» **WHAT NEEDS TO BE DONE**
Return the full listing unchanged, apart from leaving out its images.

» **SUPPLIED MATERIAL**
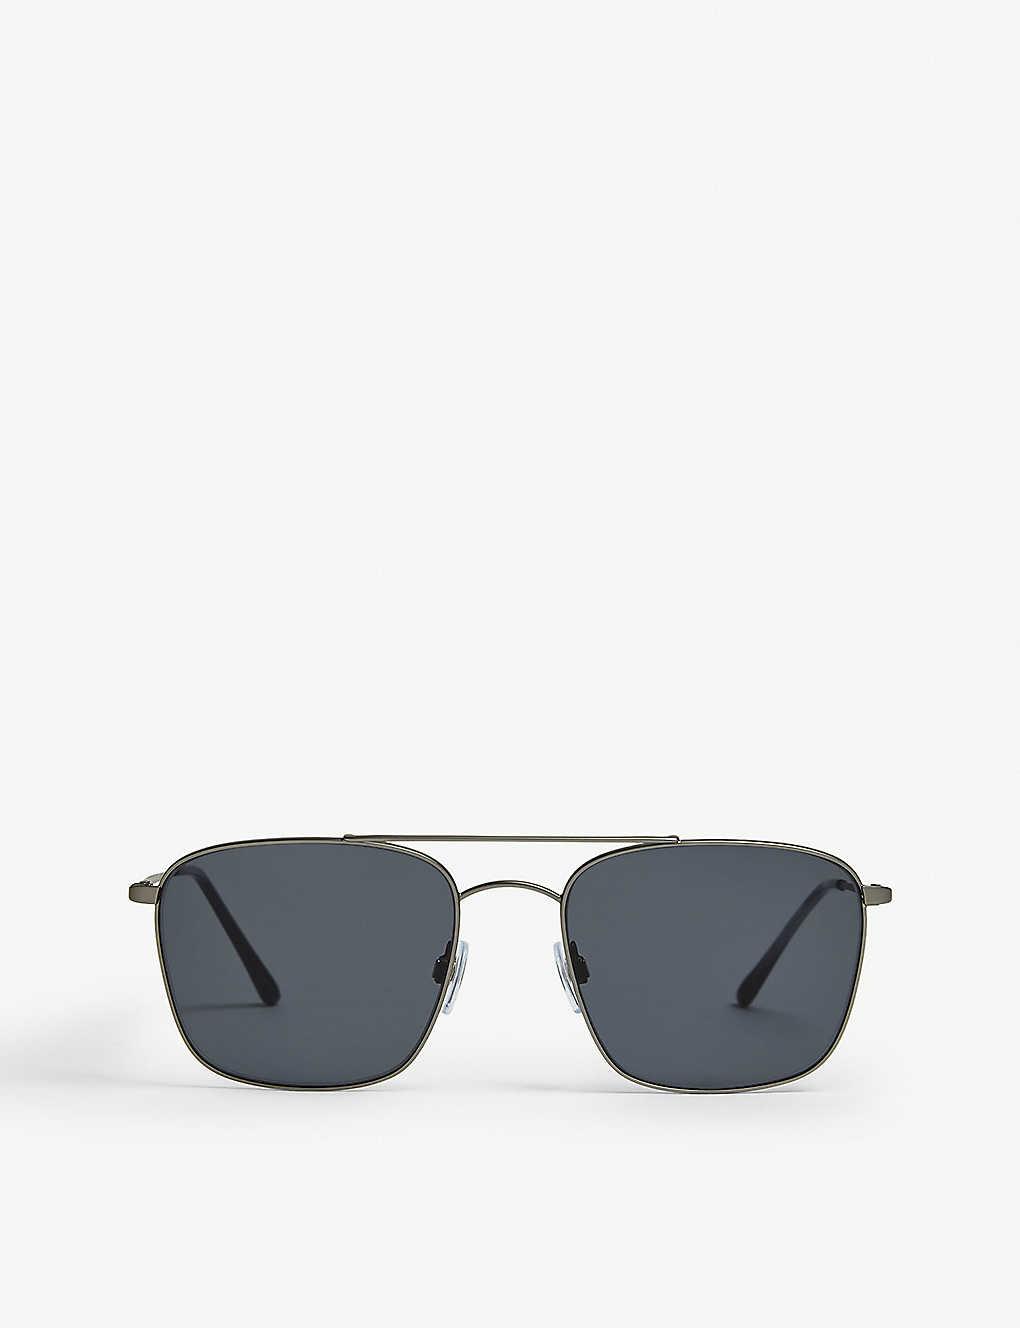 cb46c96c5ef GIORGIO ARMANI - Ar6080 square-frame sunglasses
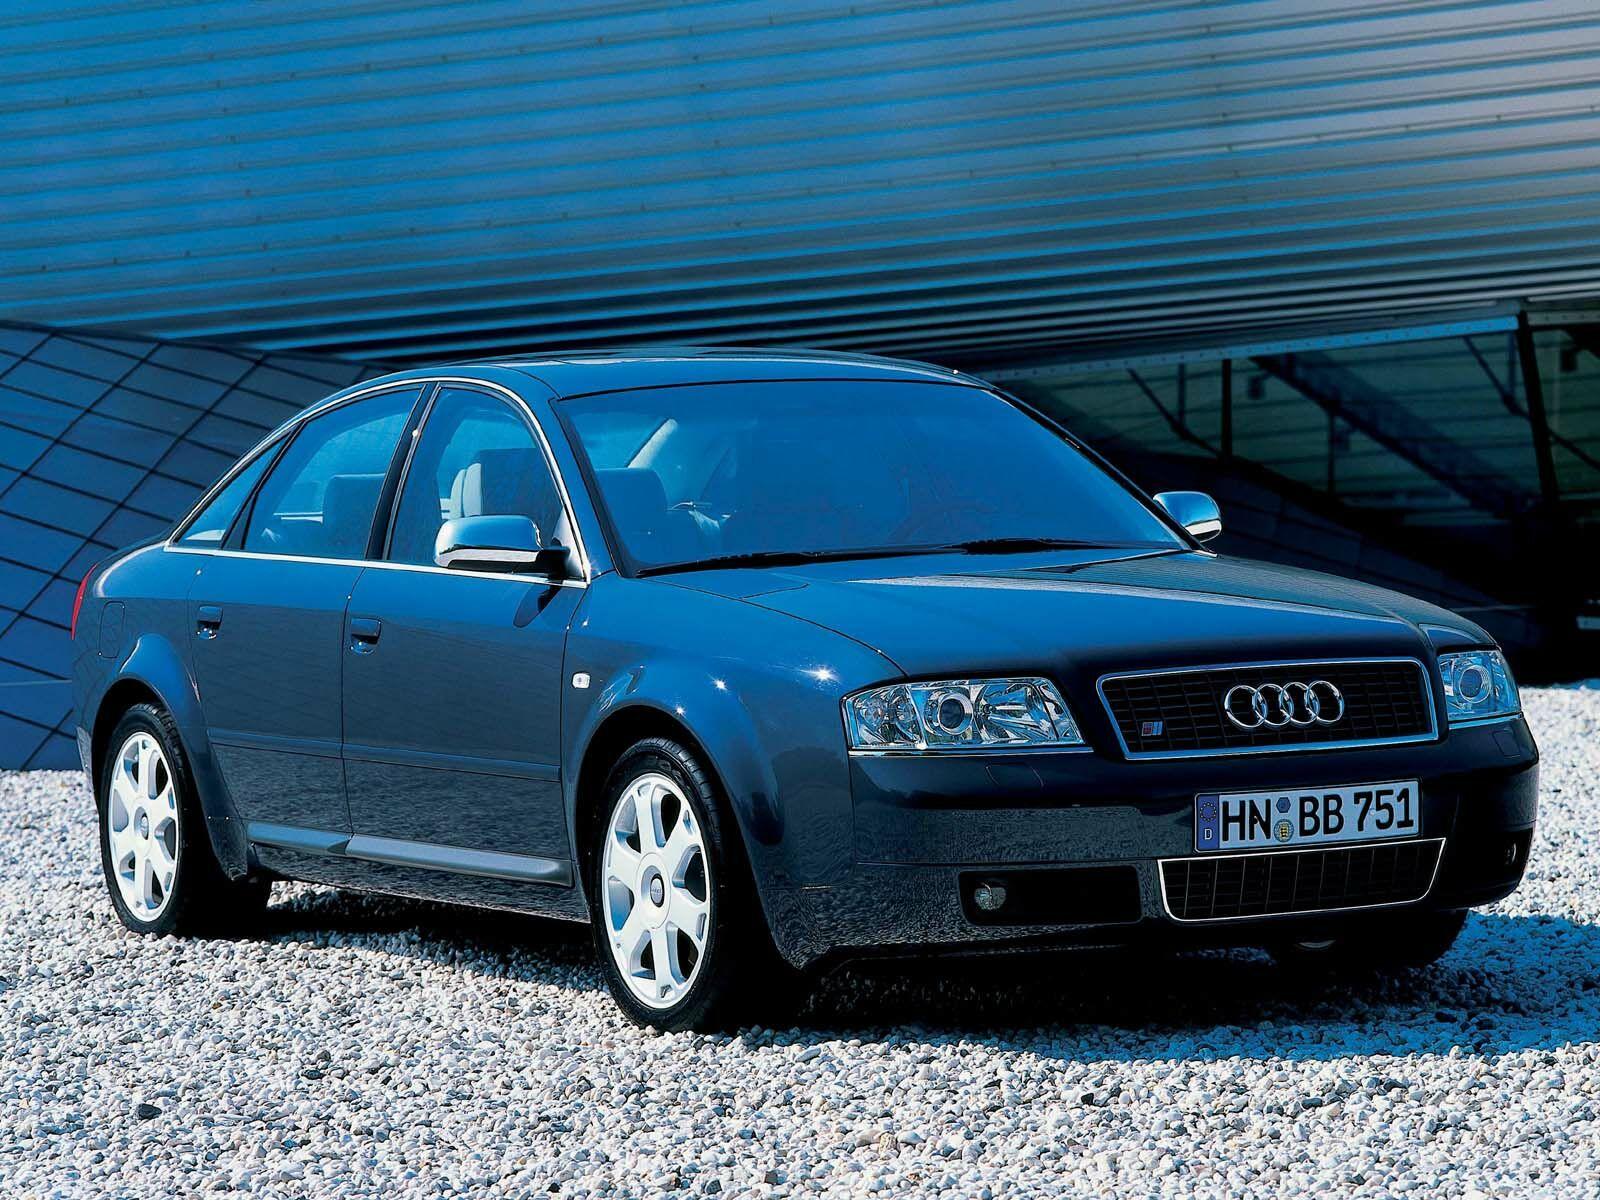 奥迪 Audi A6 3 桌面壁纸 壁纸大卡 壁纸桌面高清图片
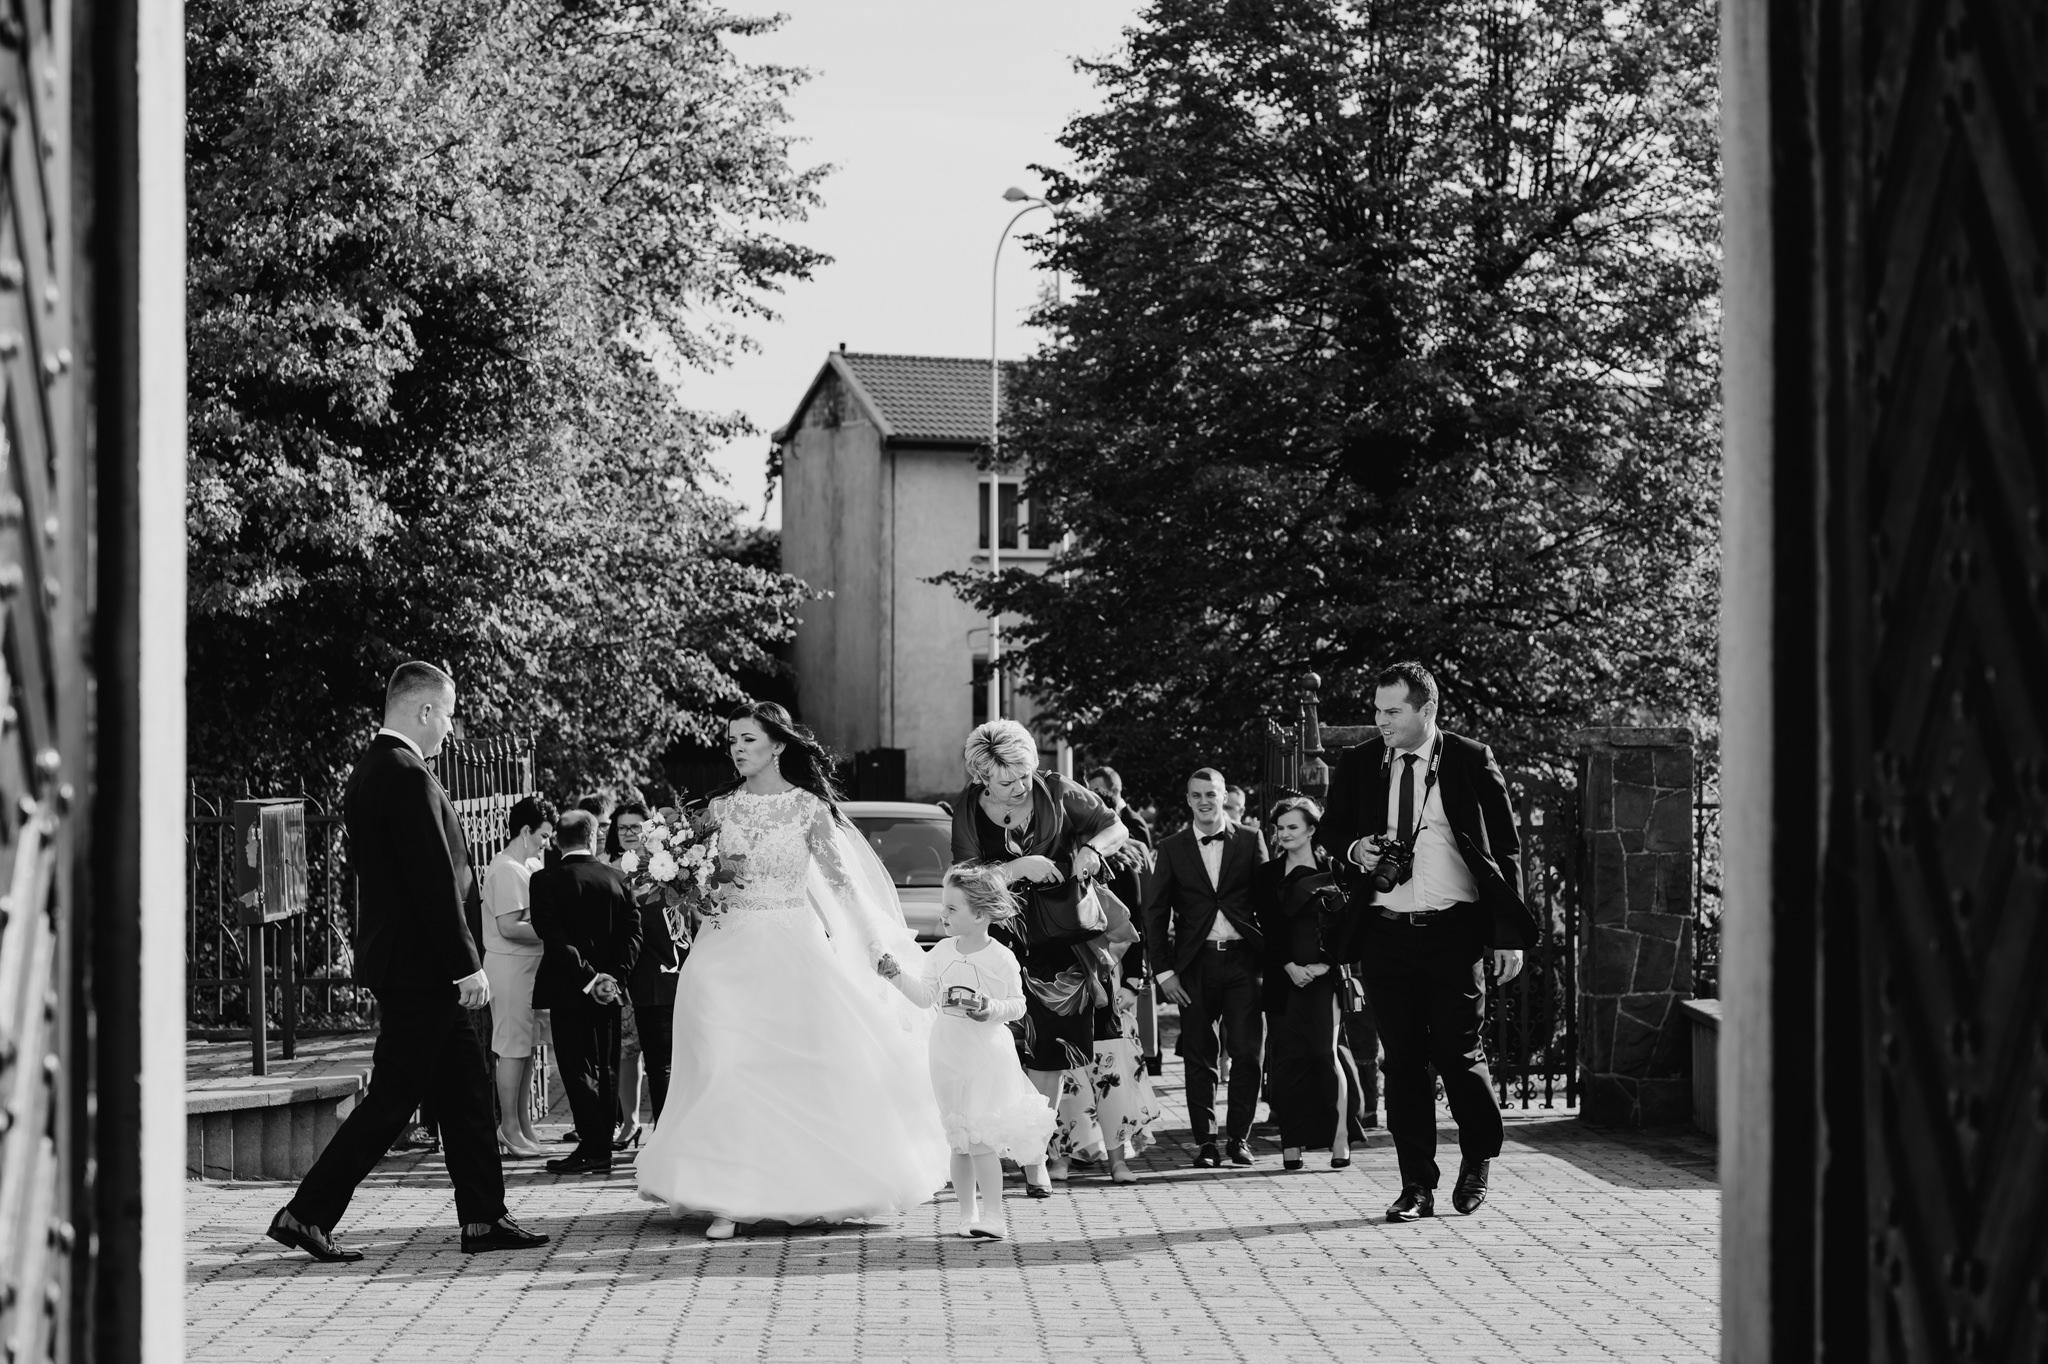 wbiegająca panna młoda do kościoła

» **RESULT**
 cb46c96c5ef GIORGIO ARMANI - Ar6080 square-frame sunglasses
 奥迪 Audi A6 3 桌面壁纸 壁纸大卡 壁纸桌面高清图片
 wbiegająca panna młoda do kościoła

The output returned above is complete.